Recently we decided to give it another shot. Not long ago both Amazon and Google released cloud-based OCR services (Textract and Cloud Vision API, respectively), so we thought we’d give them a whirl with a few projects we currently have. Two of those projects deal with lists of individuals who have warrants for their arrests. Here are a couple of sample screenshots:

Obviously the text is legible, but it’s embedded inside of images, so it can’t be extracted without using OCR.

We gave tesseract another try with them, but got the same marginal results we’ve seen in the past. The commercial packages may yield the same, so we tried them with the new cloud-based offerings. We found Amazon’s Textract to give pretty good results, but, again, 100% accuracy is what we’re shooting for. Happily, Google’s Cloud Vision API gave us excellent results. The accuracy isn’t 100%, but it may be hovering around 99%. It will also likely get even more accurate over time, given the AI muscle Google likely has behind it.

Using Google Cloud Vision API

We’re primarily a Java shop, so we decided to go with the Java API that Google provides. The API returns objects that contain location data (top, bottom, left, and right coordinates) for each recognized word. With these coordinates, the task then becomes assembling them into blocks and sentences suitable for extraction.
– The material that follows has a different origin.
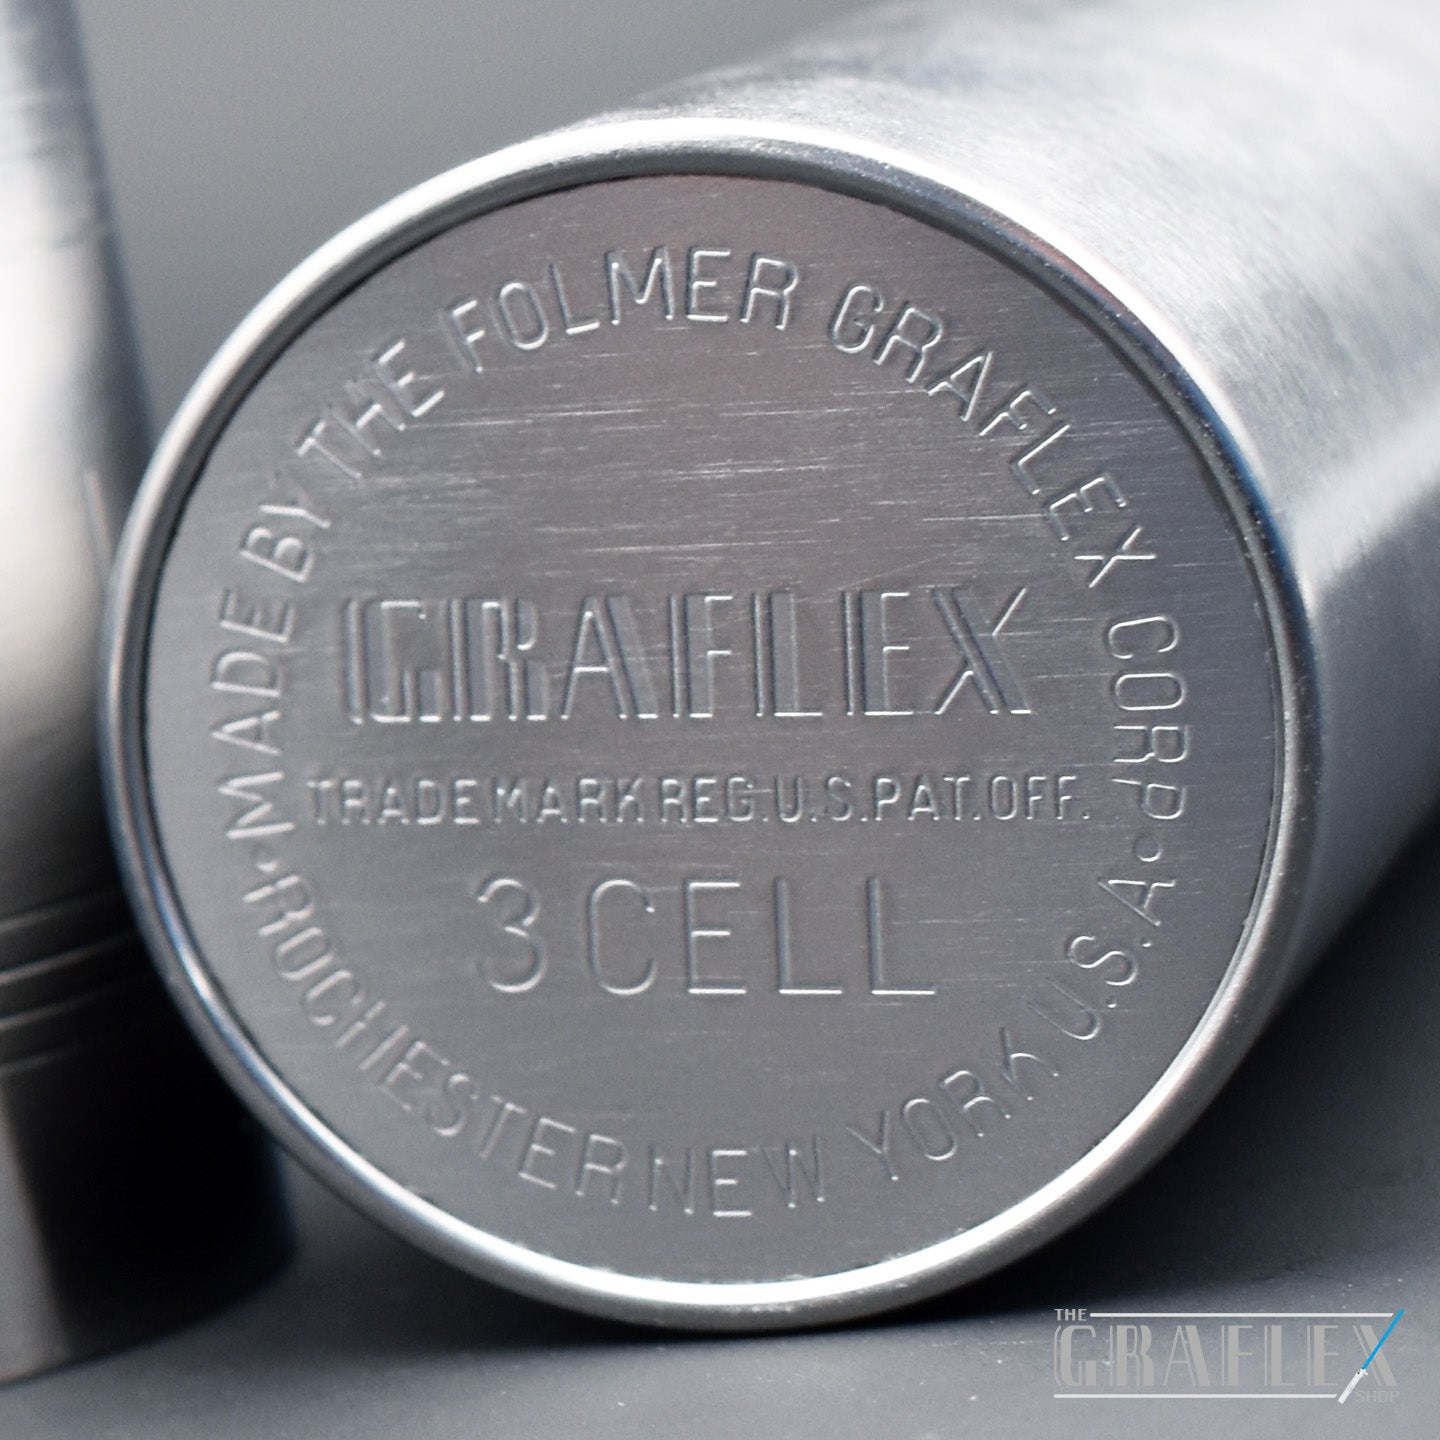 Graflex 3 Cell Flash - Folmer No Patent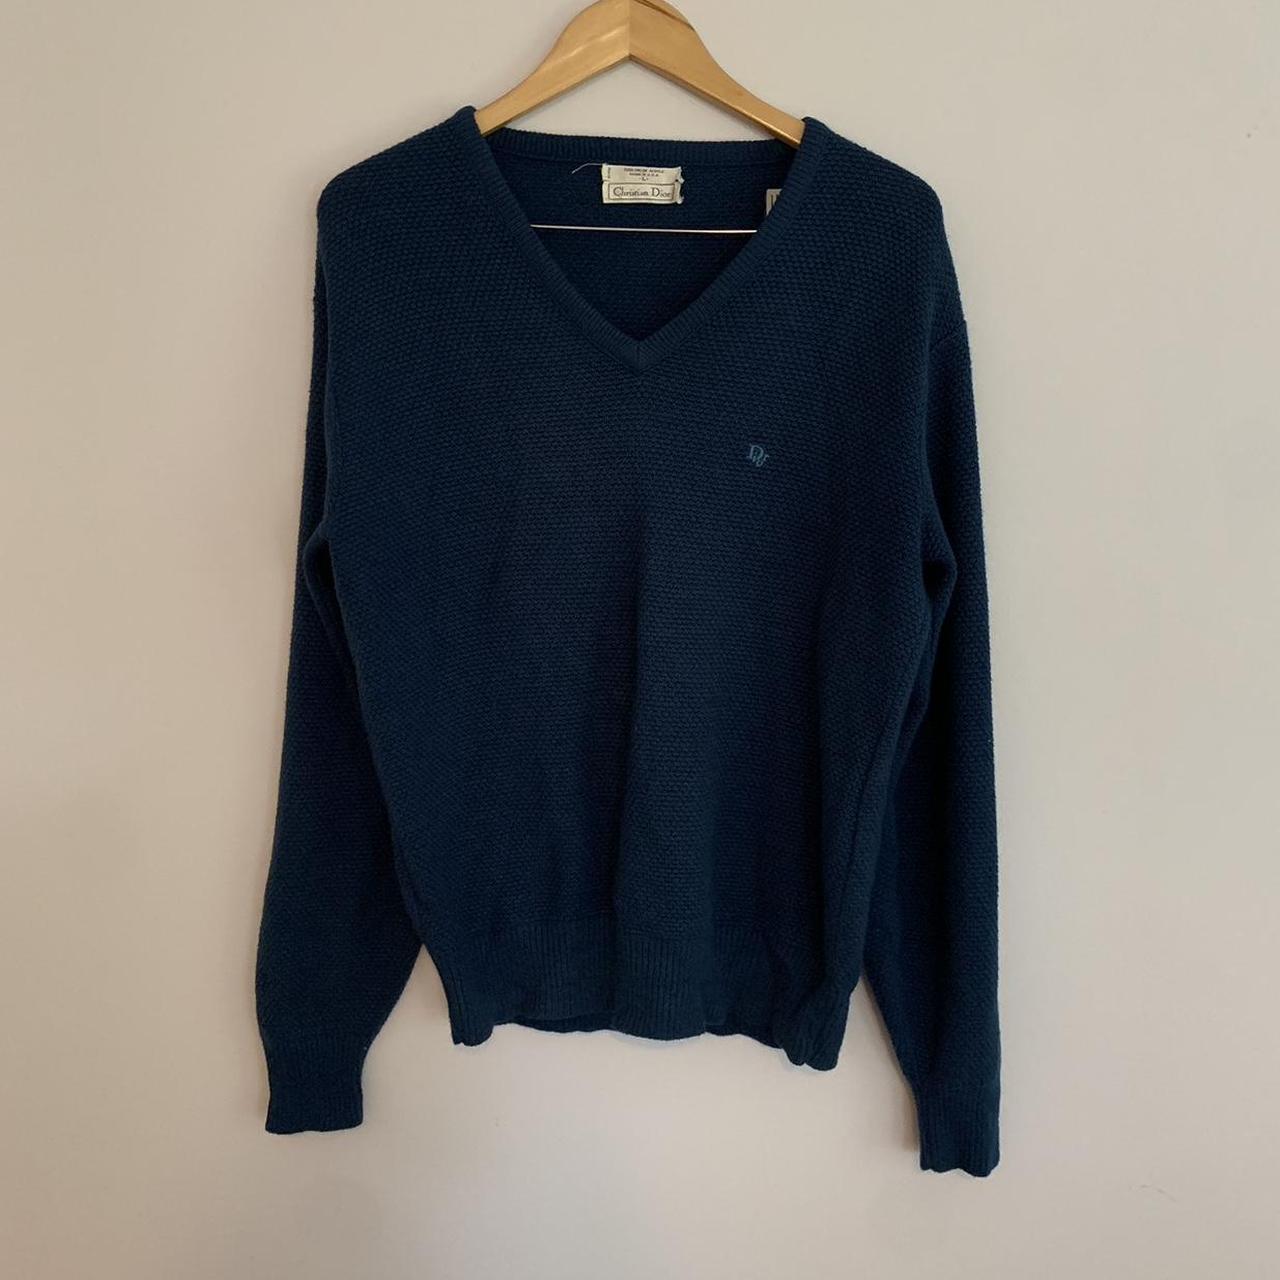 Deep blue Christian Dior knit sweater size L but is... - Depop

Because we already have code to parse the XML format that pdftohtml outputs, we decided to write bridge code that would take the Java objects from Google’s API and output an XML stream that matches what pdftohtml generates. That way we could use the same code we normally do to parse the XML.

There are a few gotchas to be aware of when using the Cloud Vision API. The main issues we had were dealing with coordinates from Google that match the word location, so some words with capital letters start higher on the page than words with only lowercase letters. Likewise, some words with letters like “y” and “g” are positioned lower on the page than words without anything below the line the text is written on. Also, we found that sometimes their response gave coordinates that are slightly off, probably thinking a bit of visual noise was part of the letter. Once we had the code for merging text done we had to fiddle with the percent overlap for merging rows so it didn’t get things from above or below the current line, but also didn’t miss things that were part of it (common examples we hit were things like putting the “a” from the word “a” (as in “a” book) on the wrong line.

We also considered using the main block of text returned by Google to merge the text. This is an option you might consider for your own project, as it could simplify the process. As part of the response they return a full page block of text which seems to have been generated quite well, accounting for table cells and whatnot. We ended up not using that, though, because we wanted to have more control over where a line ends. For example, in case a file was processed that had enough text in each cell to not appear to be a table, but instead looked like a long line of text.

One other issue to be aware of when using the Cloud Vision API–according to the documentation you can send it a PDF file directly, but we received an error when attempting that. Instead, we first convert the PDF to a JPEG, then send that to the API. We use ImageMagick for that, which does a splendid job.

How to extract data from locked PDF files

There’s an addendum to all of this that’s worth noting. Some PDF files are locked, and text can’t be extracted from them without first entering a password. That is, the PDF file contains text that could be selected, but because of permissions placed on the file you won’t be able to select or copy text from it without first entering a password.

Well, here’s a little secret–you can often get around this issue by converting the PDF to a PostScript file, then back again. There are two little gems known as pdf2ps and ps2pdf that are handy in these cases. You can use them to magically turn a locked PDF into an unlocked one.

Conclusion

If you’re looking for an inexpensive way to extract text from PDF files containing images Google Cloud Vision API may very well be your best bet. It works amazingly well today, and will only get better over time.